* WHAT NEEDS TO BE DONE *
Within the listing below, locate all lines containing the word "Pants". Copy each one.

* PROVIDED RECORDS *

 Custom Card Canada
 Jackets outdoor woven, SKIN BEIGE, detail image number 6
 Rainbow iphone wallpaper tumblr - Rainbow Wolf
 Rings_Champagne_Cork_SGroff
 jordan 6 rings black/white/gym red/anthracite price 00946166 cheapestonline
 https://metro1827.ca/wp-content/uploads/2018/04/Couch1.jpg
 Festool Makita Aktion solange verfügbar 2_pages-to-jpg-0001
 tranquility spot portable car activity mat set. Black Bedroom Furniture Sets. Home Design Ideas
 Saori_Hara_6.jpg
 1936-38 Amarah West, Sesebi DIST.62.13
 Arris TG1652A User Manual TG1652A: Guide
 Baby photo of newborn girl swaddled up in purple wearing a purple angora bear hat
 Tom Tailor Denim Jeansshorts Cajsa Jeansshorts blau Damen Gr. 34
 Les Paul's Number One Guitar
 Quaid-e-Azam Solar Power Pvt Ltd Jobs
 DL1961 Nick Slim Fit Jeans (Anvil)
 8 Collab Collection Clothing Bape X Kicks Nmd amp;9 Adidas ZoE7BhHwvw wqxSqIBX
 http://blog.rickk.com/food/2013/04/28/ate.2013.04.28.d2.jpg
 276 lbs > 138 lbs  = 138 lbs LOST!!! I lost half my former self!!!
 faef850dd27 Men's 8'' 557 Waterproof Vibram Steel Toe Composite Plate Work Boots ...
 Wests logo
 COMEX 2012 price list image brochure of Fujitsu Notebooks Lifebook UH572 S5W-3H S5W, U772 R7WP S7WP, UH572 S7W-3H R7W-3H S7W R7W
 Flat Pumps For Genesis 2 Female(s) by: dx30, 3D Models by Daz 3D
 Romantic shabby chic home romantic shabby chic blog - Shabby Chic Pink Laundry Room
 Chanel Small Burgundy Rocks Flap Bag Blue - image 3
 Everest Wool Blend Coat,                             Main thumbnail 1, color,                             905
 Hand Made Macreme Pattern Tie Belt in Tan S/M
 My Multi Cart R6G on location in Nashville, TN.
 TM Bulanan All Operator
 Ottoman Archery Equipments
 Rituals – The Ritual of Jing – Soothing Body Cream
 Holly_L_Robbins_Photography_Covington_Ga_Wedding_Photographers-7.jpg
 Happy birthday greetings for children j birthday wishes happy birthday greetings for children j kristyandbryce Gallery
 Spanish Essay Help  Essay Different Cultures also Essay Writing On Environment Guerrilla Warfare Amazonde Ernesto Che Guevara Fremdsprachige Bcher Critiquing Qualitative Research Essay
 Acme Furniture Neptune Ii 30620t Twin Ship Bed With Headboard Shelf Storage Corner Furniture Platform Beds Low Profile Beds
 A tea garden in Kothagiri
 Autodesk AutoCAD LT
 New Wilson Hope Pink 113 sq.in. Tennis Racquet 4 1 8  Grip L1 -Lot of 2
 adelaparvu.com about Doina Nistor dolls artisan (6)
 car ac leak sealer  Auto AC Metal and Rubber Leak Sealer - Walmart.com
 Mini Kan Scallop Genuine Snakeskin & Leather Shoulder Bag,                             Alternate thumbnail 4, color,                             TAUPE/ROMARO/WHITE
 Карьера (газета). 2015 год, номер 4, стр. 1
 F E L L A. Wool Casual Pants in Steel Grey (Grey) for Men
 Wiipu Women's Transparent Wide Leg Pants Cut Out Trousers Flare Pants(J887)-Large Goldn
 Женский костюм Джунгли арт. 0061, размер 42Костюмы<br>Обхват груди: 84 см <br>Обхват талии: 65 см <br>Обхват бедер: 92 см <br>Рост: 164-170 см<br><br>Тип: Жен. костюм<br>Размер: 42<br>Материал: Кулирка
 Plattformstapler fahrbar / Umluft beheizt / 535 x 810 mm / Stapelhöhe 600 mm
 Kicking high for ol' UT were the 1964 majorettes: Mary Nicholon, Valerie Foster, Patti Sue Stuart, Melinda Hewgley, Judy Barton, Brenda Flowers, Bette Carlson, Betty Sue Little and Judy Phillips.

* EXERCISE RESPONSE *
 F E L L A. Wool Casual Pants in Steel Grey (Grey) for Men
 Wiipu Women's Transparent Wide Leg Pants Cut Out Trousers Flare Pants(J887)-Large Goldn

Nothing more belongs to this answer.